Coproductive approaches are therefore used for a variety of reasons. In the spirit of evidence-based enquiry, we ask whether coproduction is likely to enable researchers to realise these four objectives and at what cost.

How to coproduce?

There is a multiplicity of modes by which researchers may interact with stakeholders [25]. At very low, shallow levels of involvement, stakeholders may be the mere recipients of research findings [56]. More active interaction types may include reaching out through soft interpersonal networks to seek advice about policy agendas, or to influence policy dialogues individually [57]. Researchers may be employed by public policy institutes to do research commissioned by and directly applicable to policy issues.

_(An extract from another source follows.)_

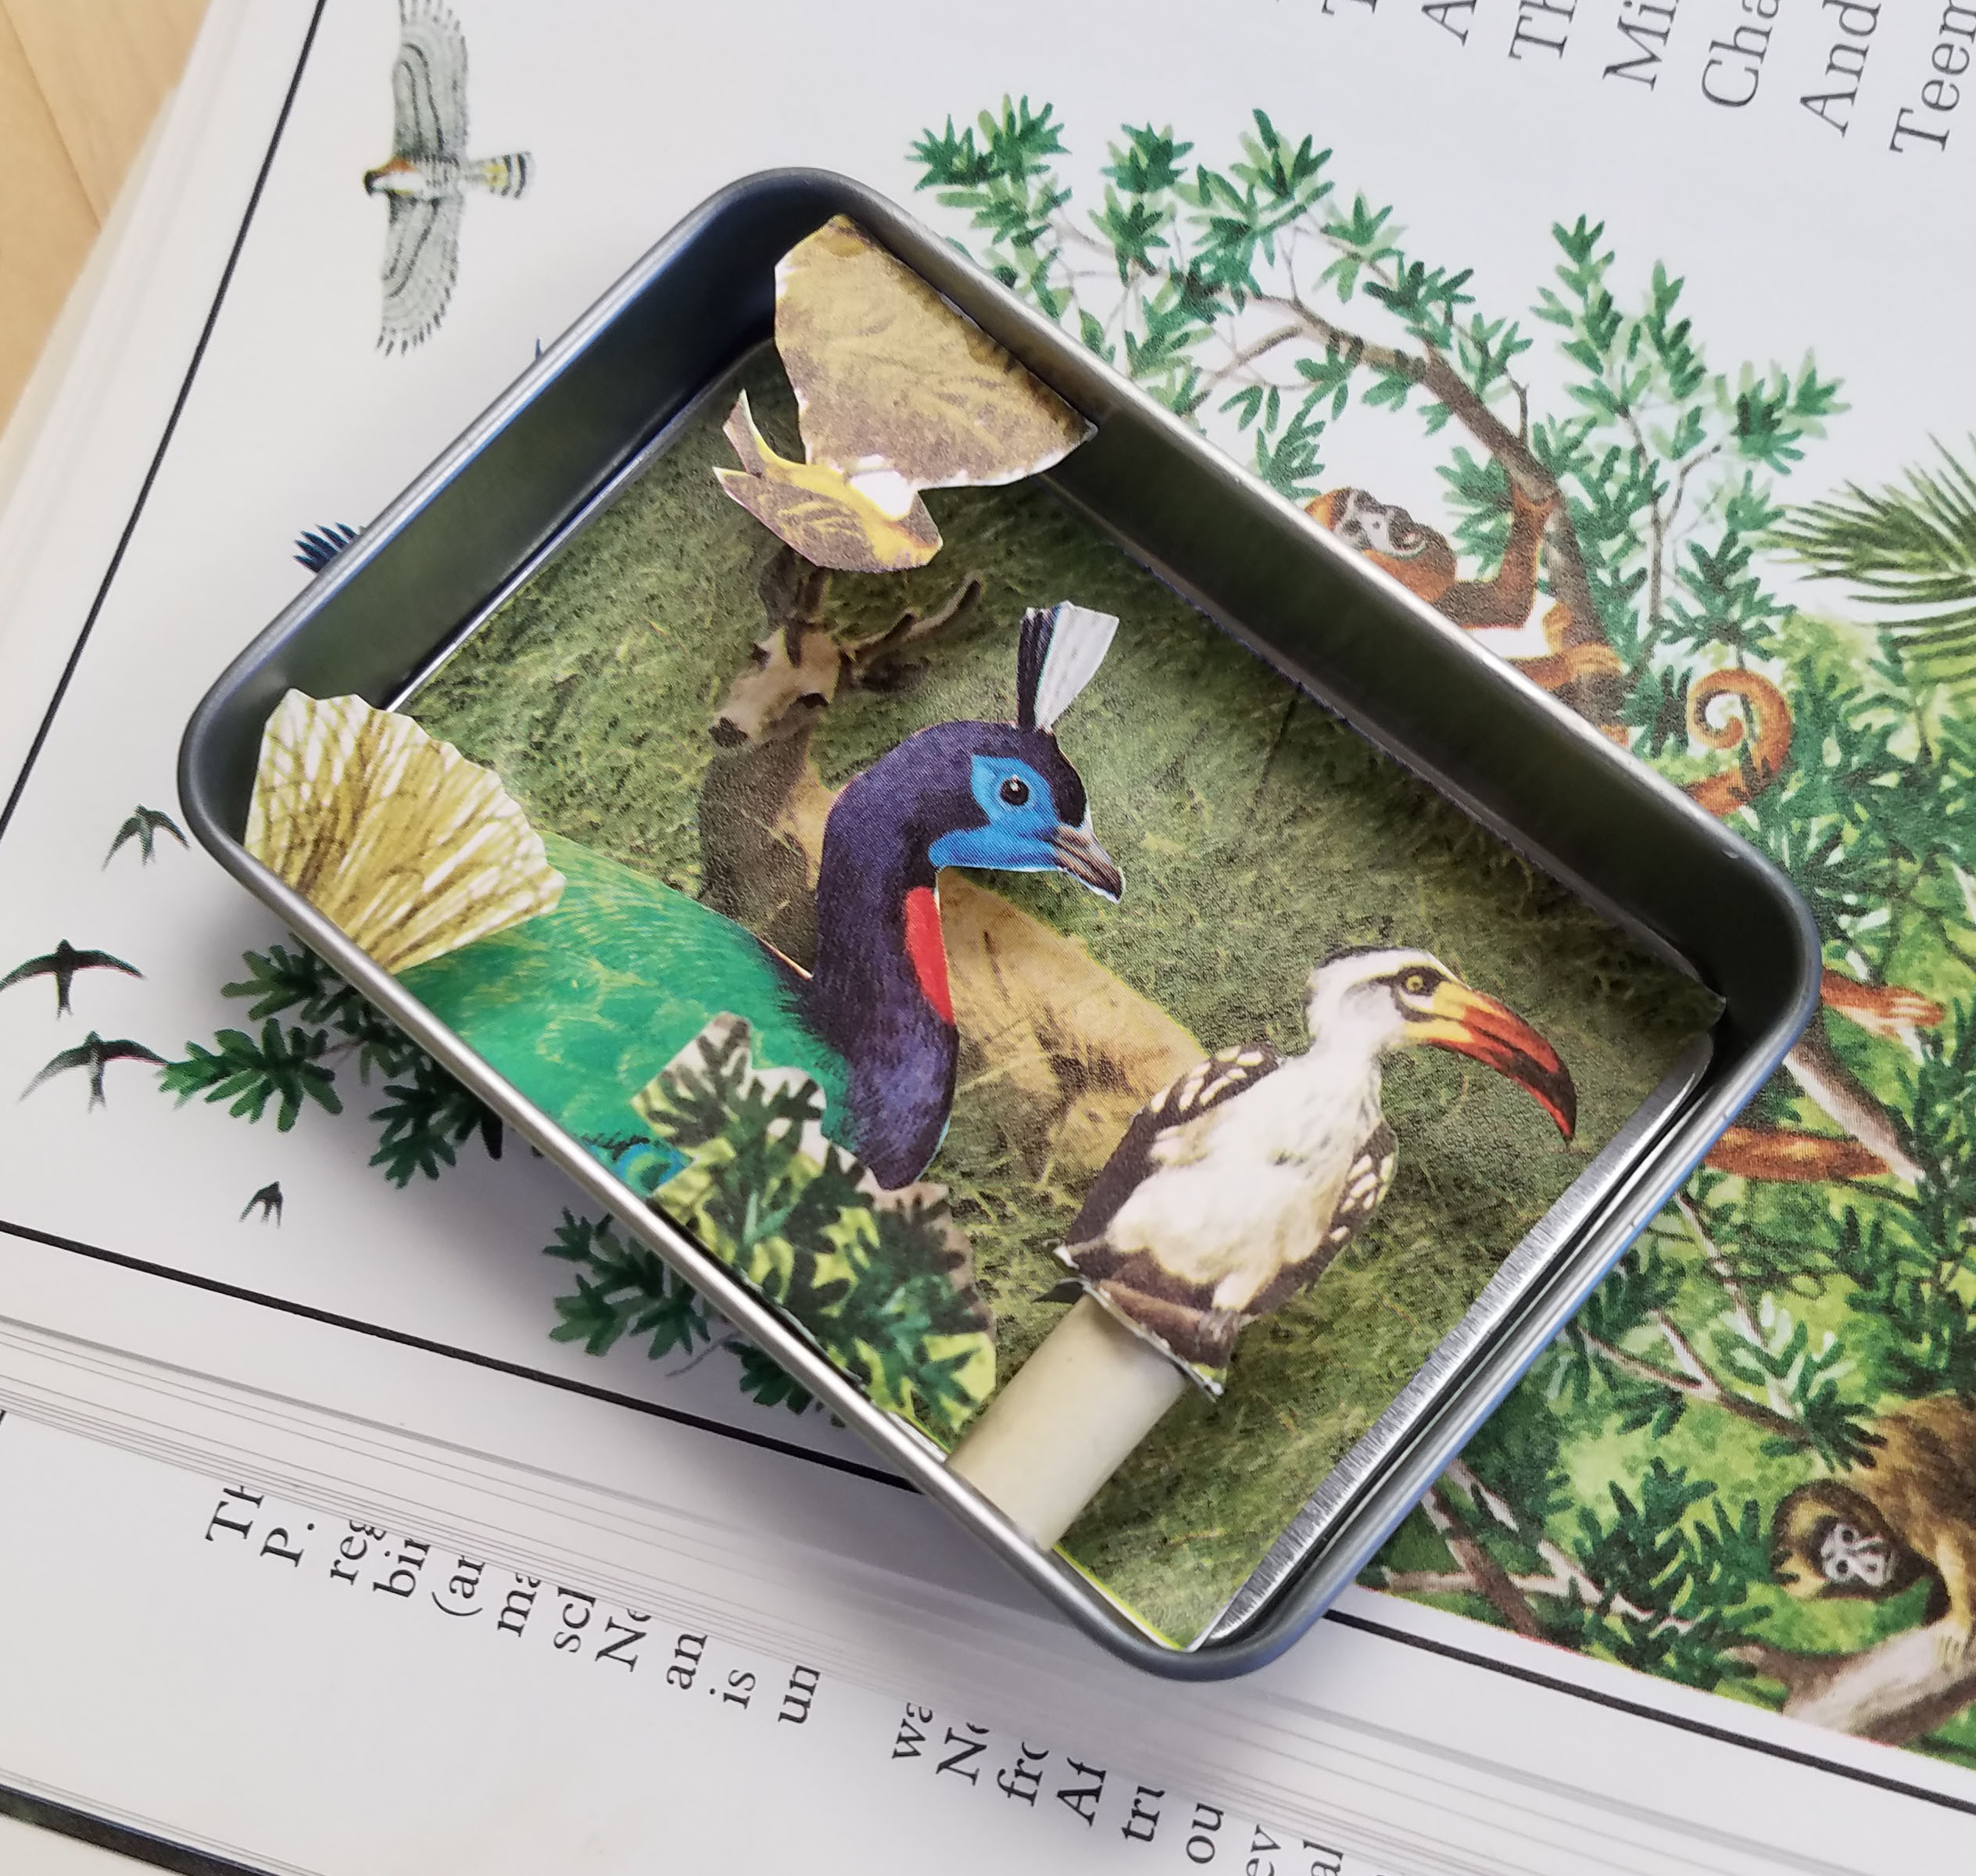 Paper collage of peacock and bird cutouts assembled inside a metal tin, placed on a nature book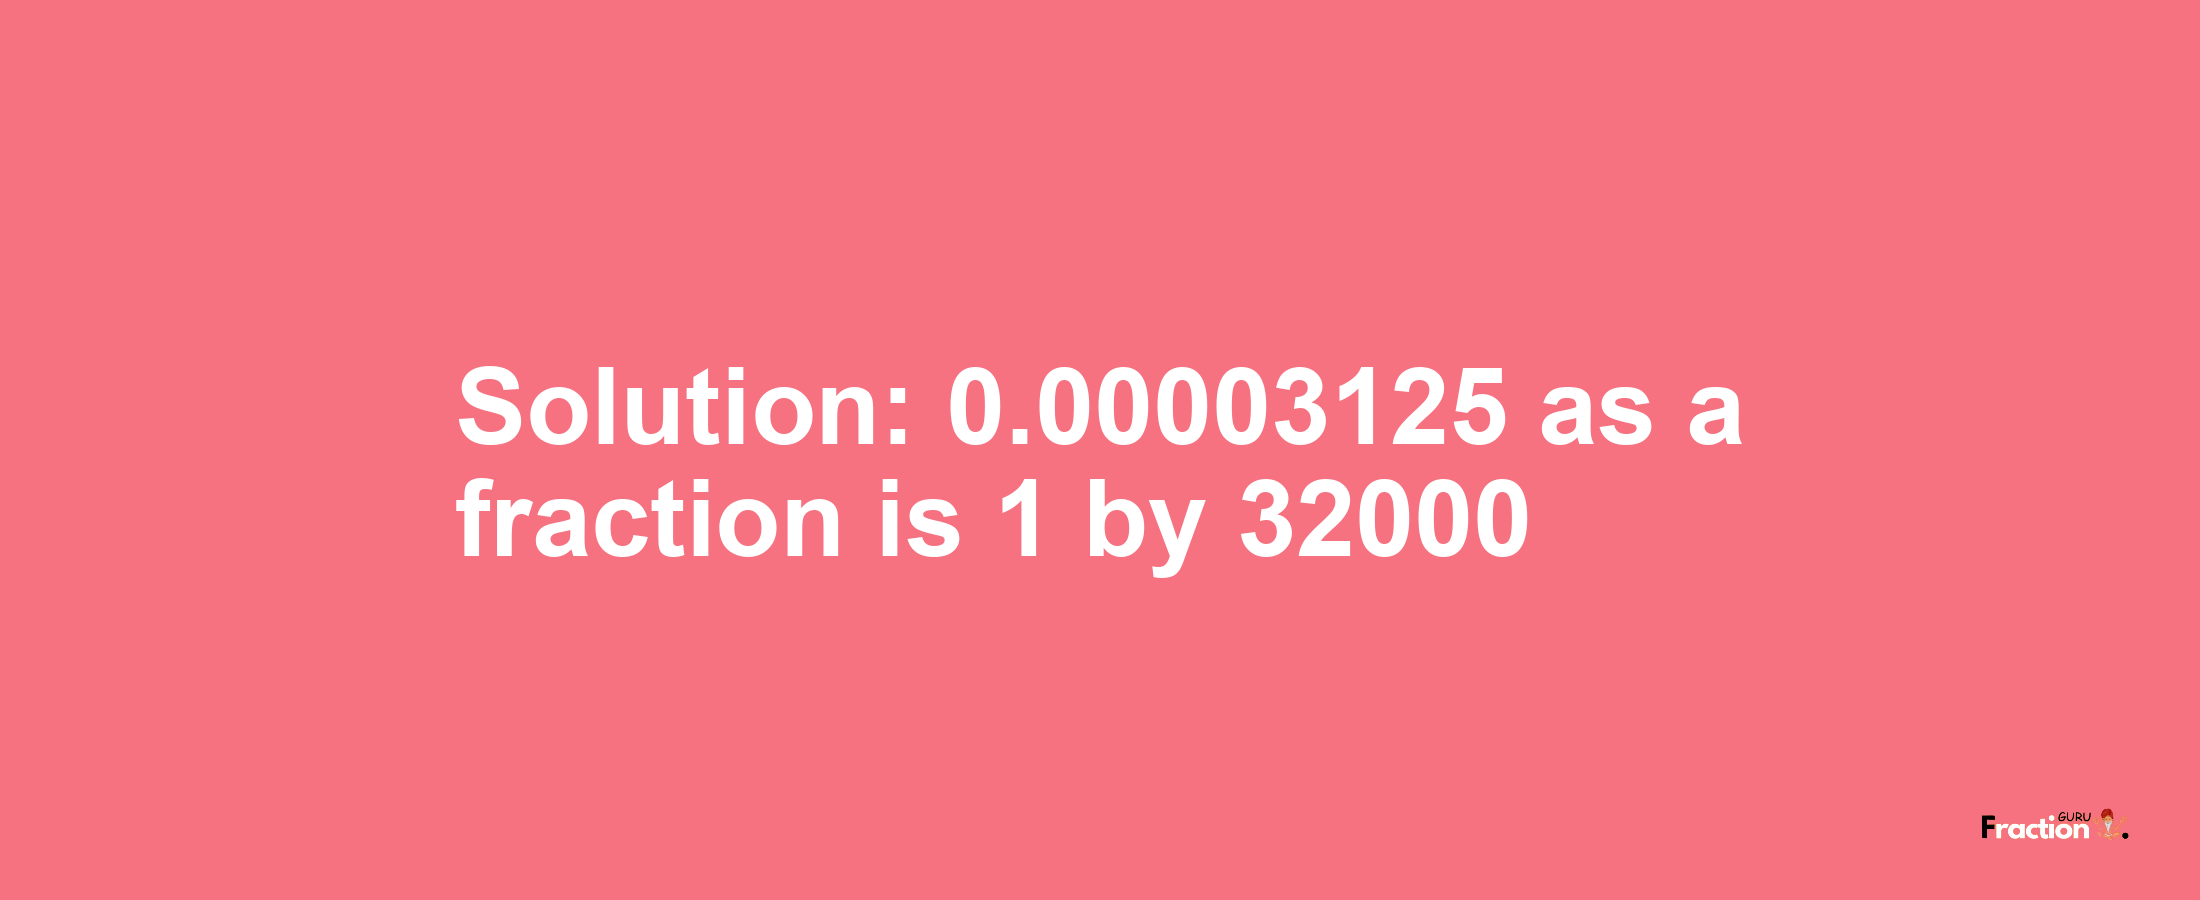 Solution:0.00003125 as a fraction is 1/32000

At the most engaged level, what many would regard as ‘truly’ coproductive approaches have been tried in specific, partnered project grant calls, research institutes or long-standing research programmes (such as the English NHS Collaborations for Leadership in Applied Health Care and Research; CLAHRCs) [58,59,60,61] implying an equality of status between all co-researchers. Often, a financial contribution by the stakeholder is indicative of an authentic coproduction partnership. These coproductive approaches often include elements such as provision of opportunities to co-learn about research and substantive topics, to work iteratively over the lifespan of a project to co-steer the questions and direction of research, or to develop interpretations of data and implications of these together. However, there are very few evaluations of such approaches or projects, and existing evaluations often point to a “lack of hard evidence as to its impact on the quality of research” ([62], p. 3) and a need to “determin[e] best practices for engaging patients” ([62], p. 3). We concur with these findings.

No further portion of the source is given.